Dans la même veine, un restaurant Thursday's, cousin de celui de Montréal, a vu le jour en octobre dernier à Fort Lauderdale dans l'idée de tirer profit de la forte présence québécoise au nord de Miami. «La décoration vise à reconstituer un petit coin de chez nous, avec des éléments issus des anciennes propriétés d'affaires de Bernard, mon père, comme les lustres de l'Hôtel de la Montagne et les statues de crocodiles de son premier bar montréalais», explique Savannah Ragueneau, directrice générale du restaurant floridien, qui sert de la poutine en hors-d'oeuvre.

«Le mobilier et la vaisselle sont identiques à ceux du Thursday's de la rue Crescent. Sans parler des affiches du Canadien provenant de la collection de mon père», ajoute-t-elle.

Une approche qui séduit avant tout... les Floridiens ! «C'est une surprise pour nous : 90 % de notre clientèle est américaine. Ce qui est un succès, mais pas tel qu'on l'avait anticipé», indique l'entrepreneure issue de la génération Y. Elle précise, sourire en coin, que «tout ce qui est français est irrésistible pour les Américains».

Un paradis qui peut devenir un enfer

« J’ai conscience que faire des affaires là-bas n’est pas simple, mais je vois maintenant notre avenir là-bas, et non plus ici. » – Mathieu Fortin, vice-président, création, de Kamicase.

La Floride est-elle donc le paradis des entrepreneurs ? Pas toujours. «L'obtention des permis - permis de travail, de rénovation de locaux, etc. - est souvent un cauchemar en Floride. Ça peut vraiment prendre des mois, voire des années, pour avoir tous les feux verts légaux : on a déjà vu des projets s'écrouler à cause de ça», affirme Vanessa Racicot, directrice générale de la Chambre de commerce Québec-Floride (CCQF).

Il est également facile de se perdre dans les subtilités fiscales américaines, d'après Daniel Veilleux, pdg de Desjardins Bank, et Michael Côté, pdg de la Natbank. «Nombre d'entrepreneurs tombent de haut à cause des réglementations en vigueur aux États-Unis. Un exemple : même des entreprises bénéficiant d'une solide réputation au Canada peuvent peiner à ouvrir un compte bancaire ici !» dit M. Côté.

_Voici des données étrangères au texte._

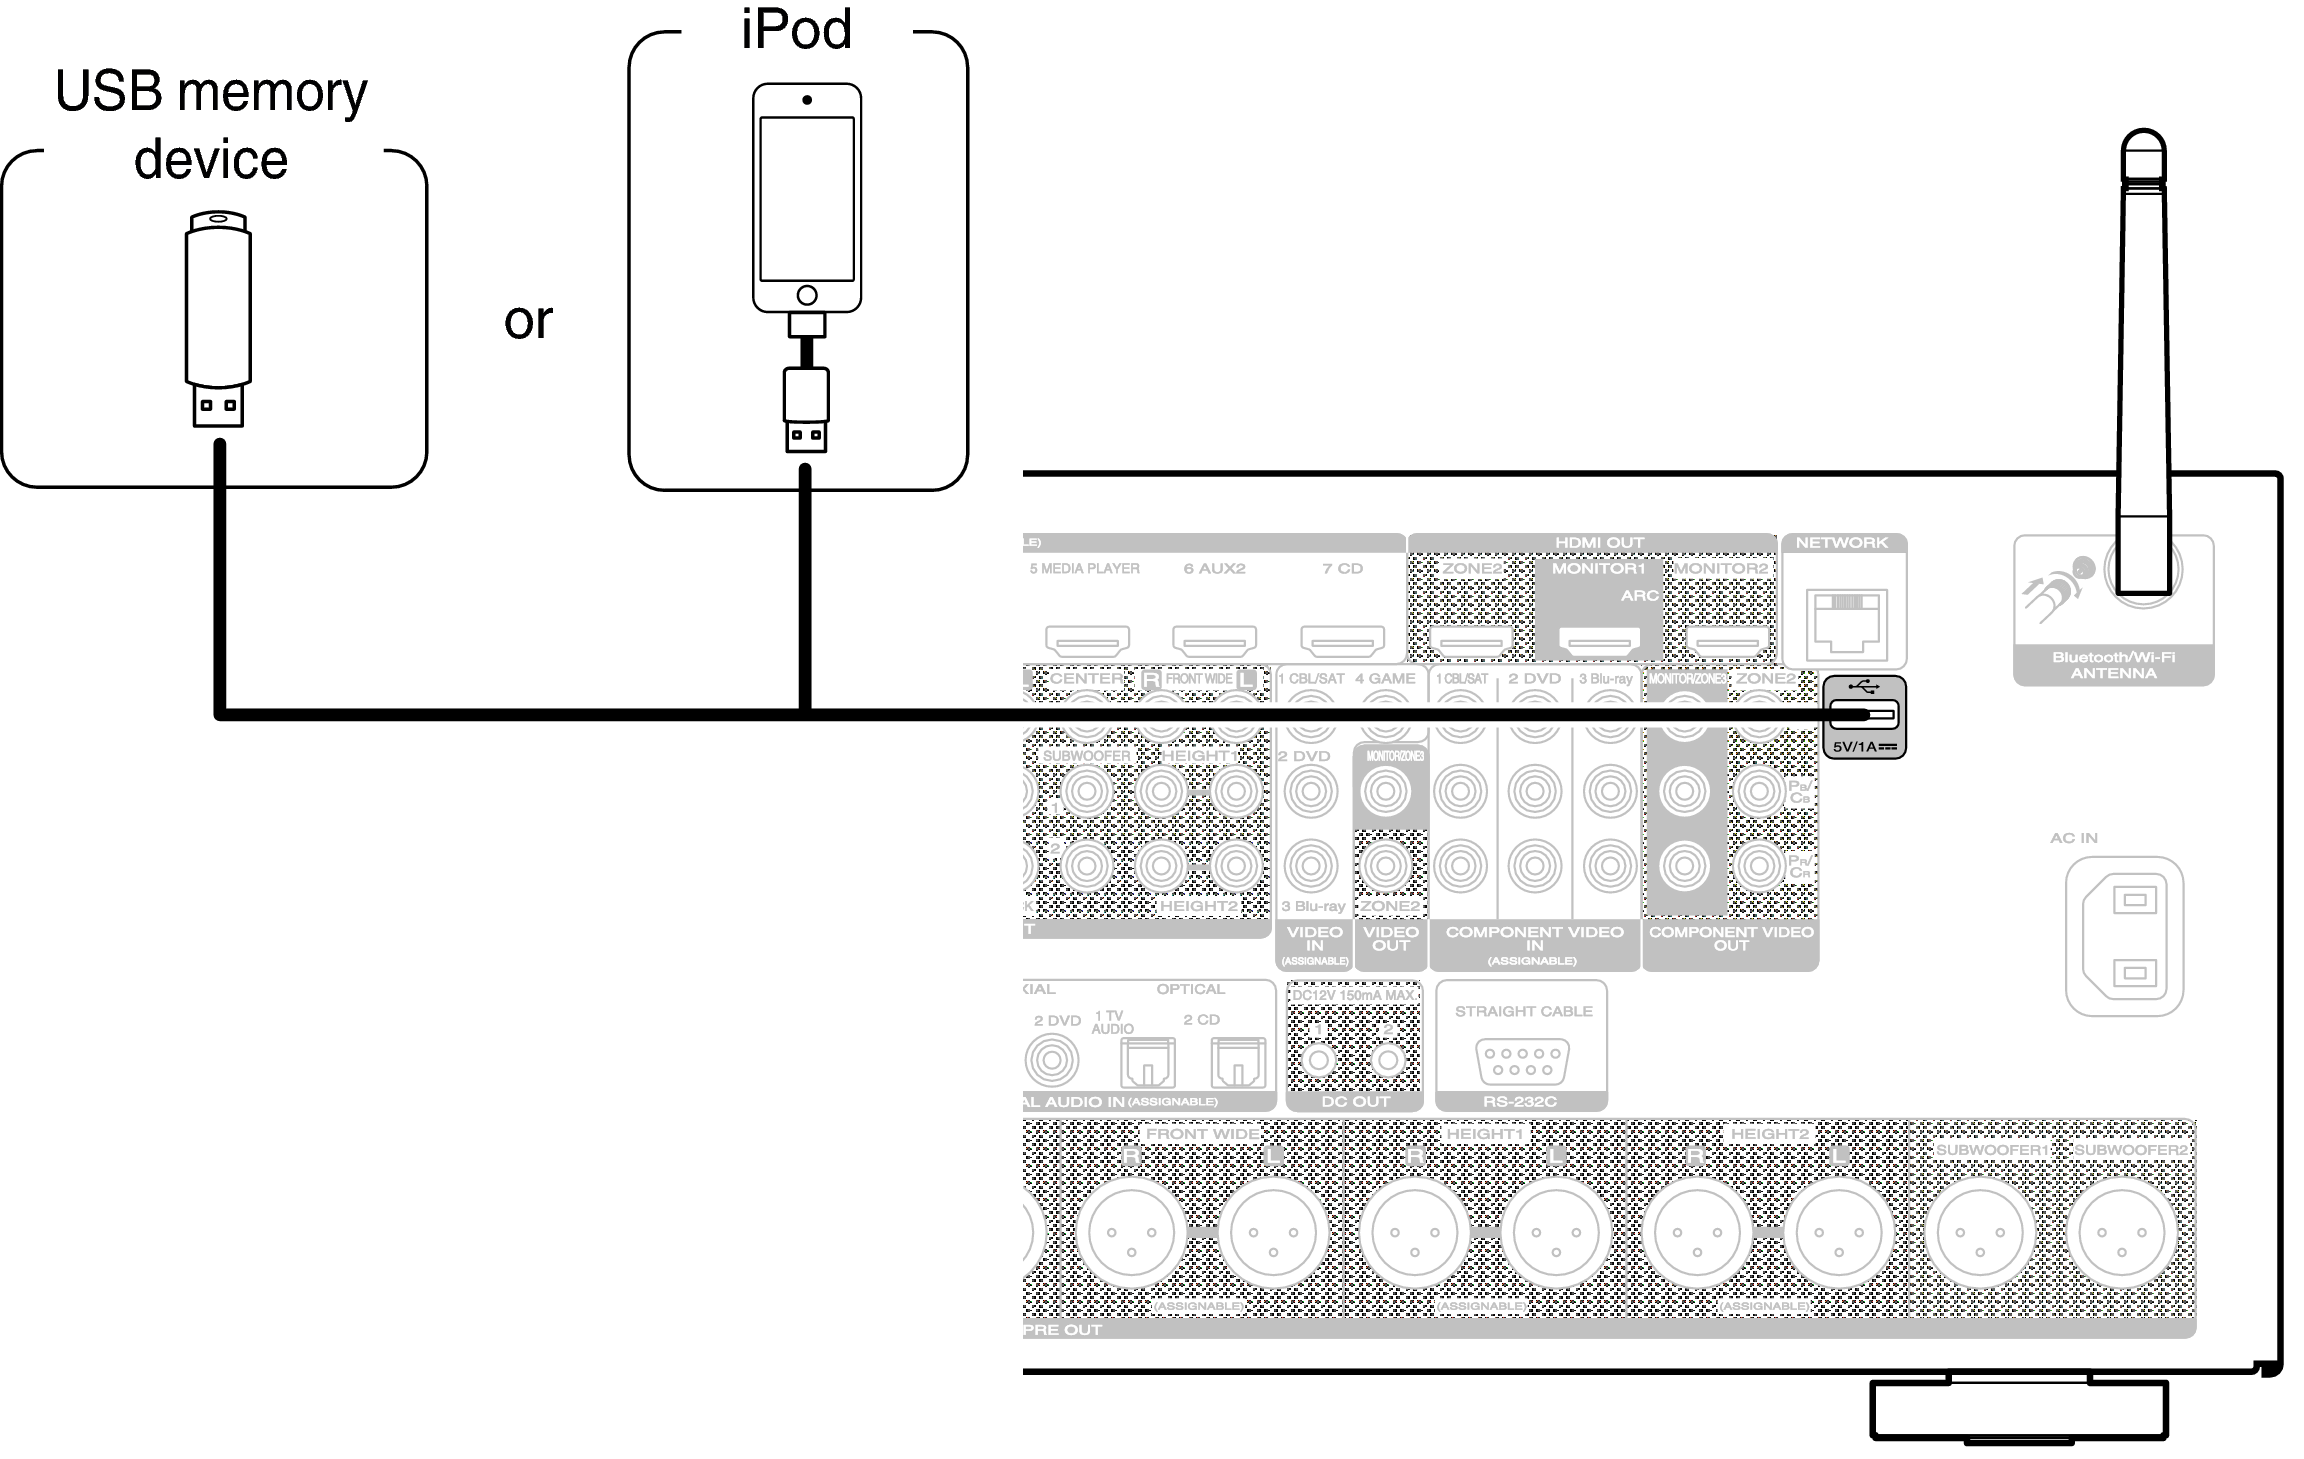 Connecting an iPod or USB memory device to the USB port AV8802A

Mais le plus grand péril est insoupçonné, car insoupçonnable : le choc psychologique lié à l'expatriation. «Parmi mes clients, j'ai des couples brisés parce que l'homme trime comme un fou pendant que la femme s'ennuie à mourir toute la journée, ou encore des adolescentes désespérées d'avoir dû quitter leur chum pour suivre leurs parents en Floride», révèle la psychanalyste Bérénice Boursier, dont le bureau est situé à Brickell, le quartier des affaires de Miami.

C'est que personne ne prévoit la moindre embûche psychologique lorsqu'il décide de tenter sa chance en Floride. «Ici, il y a toujours le soleil, la plage et le succès, croit-on. Alors, quand nos affaires ne marchent pas comme on l'espérait, c'est le drame», poursuit-elle.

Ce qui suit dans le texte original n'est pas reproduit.